**Activity:** Skip the images and print the listing exactly.

**Given data:**
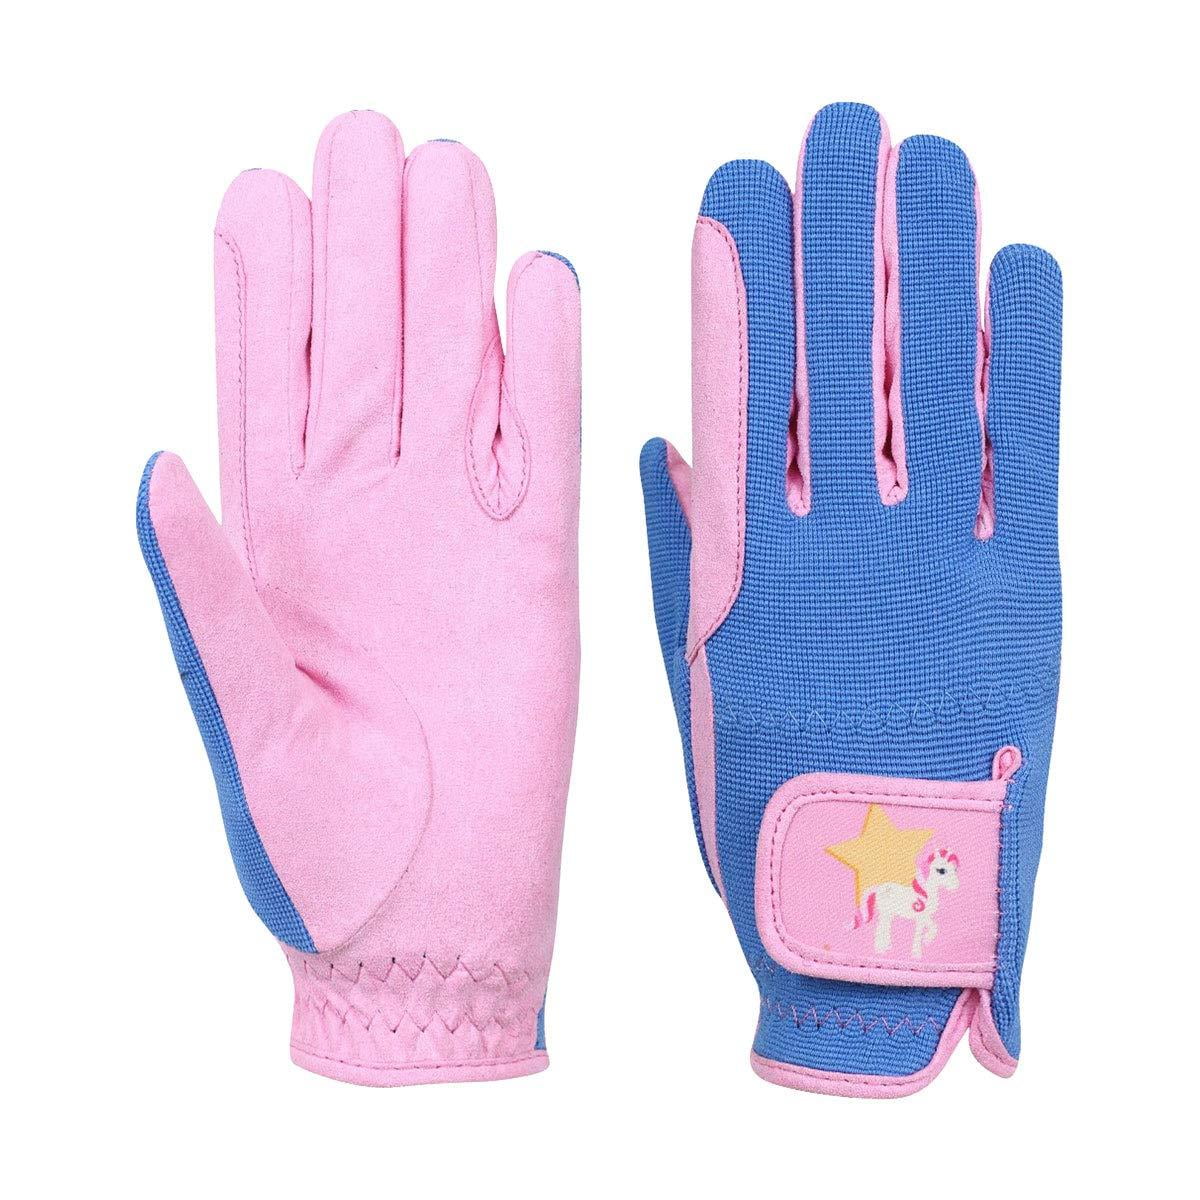 HKM Pro Team Kids Junior Galloping Horse Breathable Better Grip Riding Glove
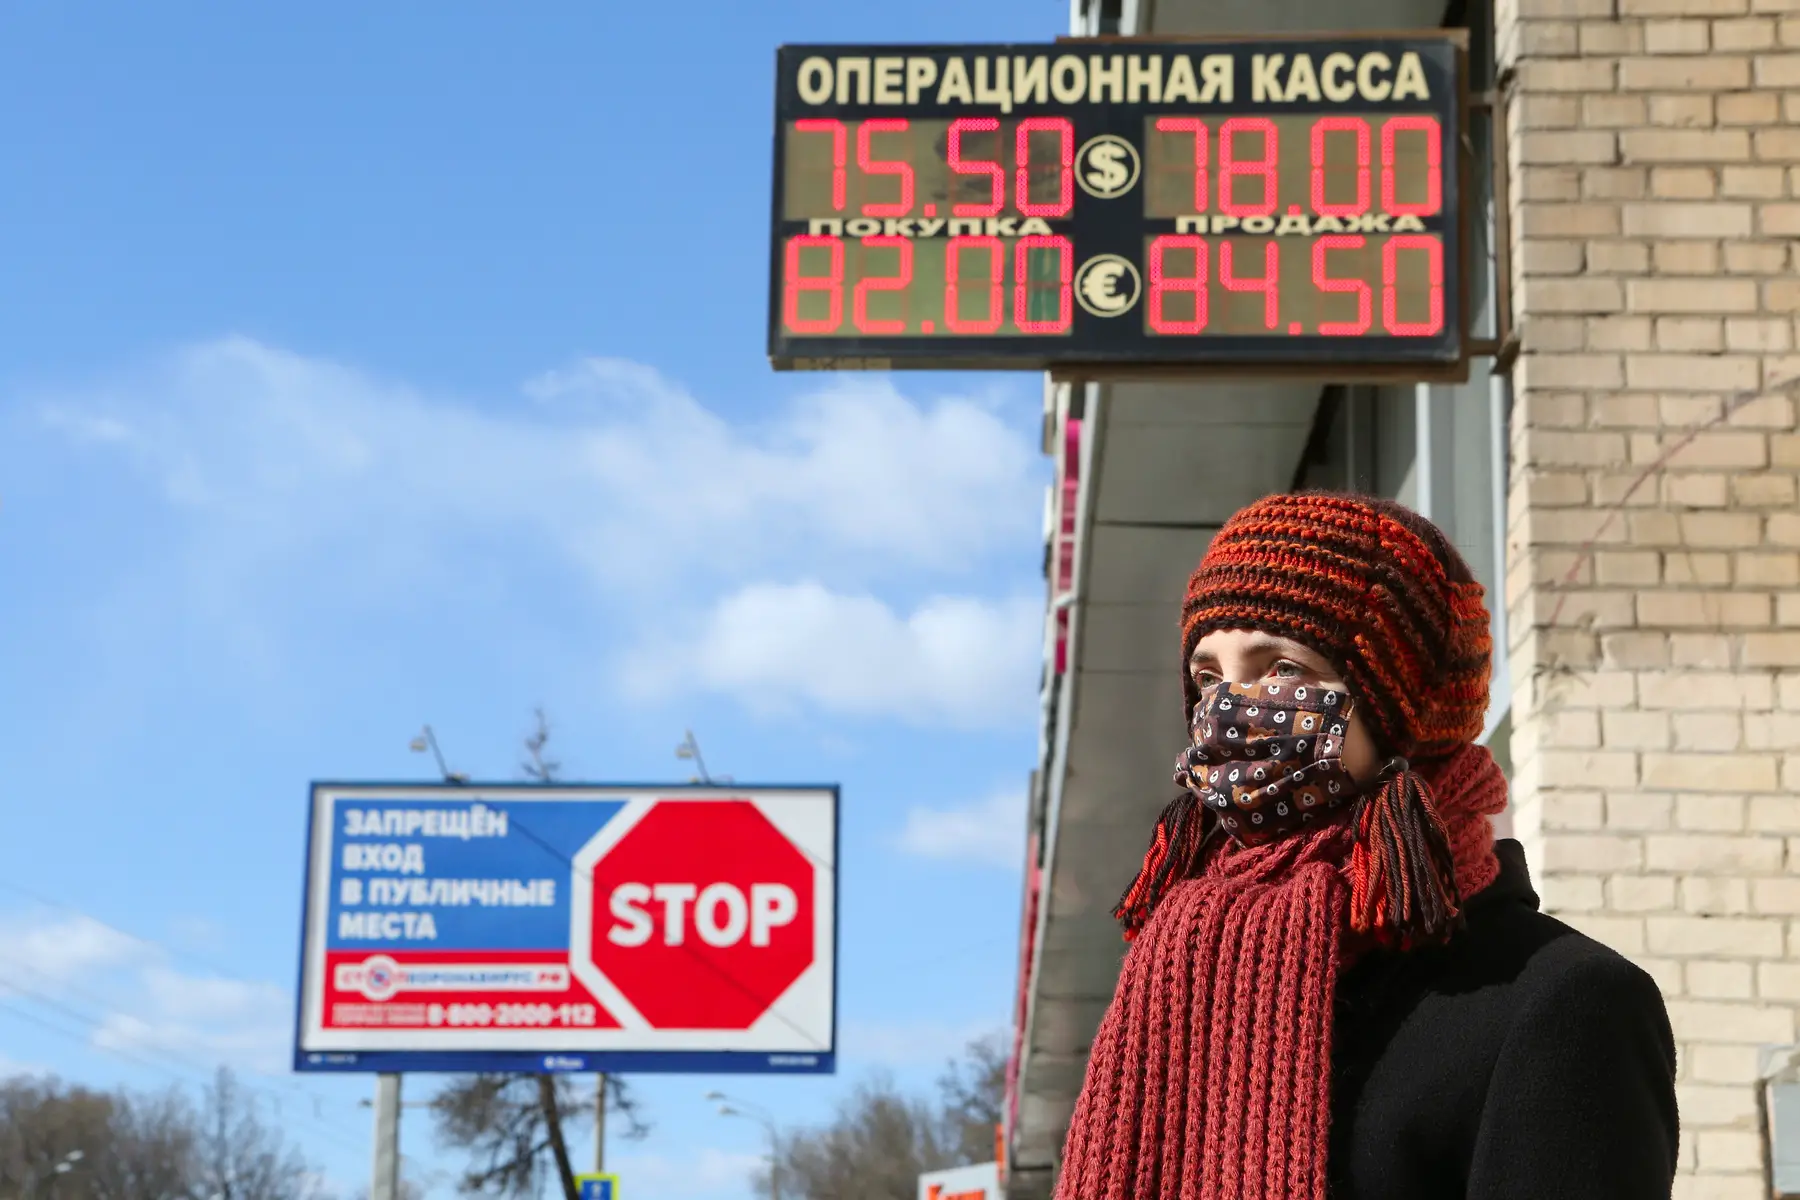 Masked woman stands near electronic exchange rate board during COVID-19 in Russia
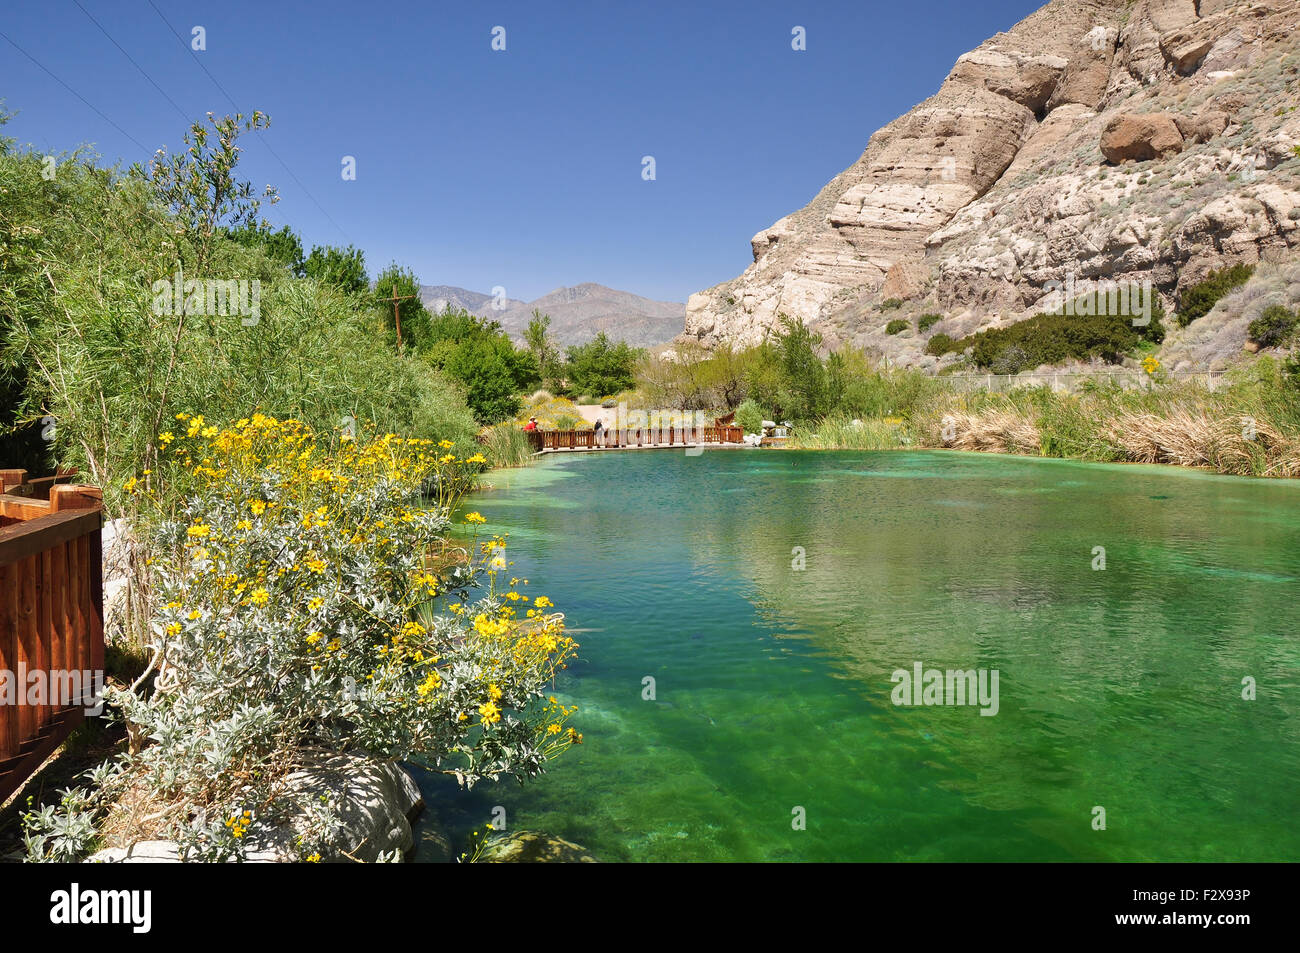 View of a large pond in Whitewater Canyon near the desert town of Palm Springs, California. Stock Photo

**Completed task:**
 HKM Pro Team Kids Junior Galloping Horse Breathable Better Grip Riding Glove
 Masked woman stands near electronic exchange rate board during COVID-19 in Russia
 View of a large pond in Whitewater Canyon near the desert town of Palm Springs, California. Stock Photo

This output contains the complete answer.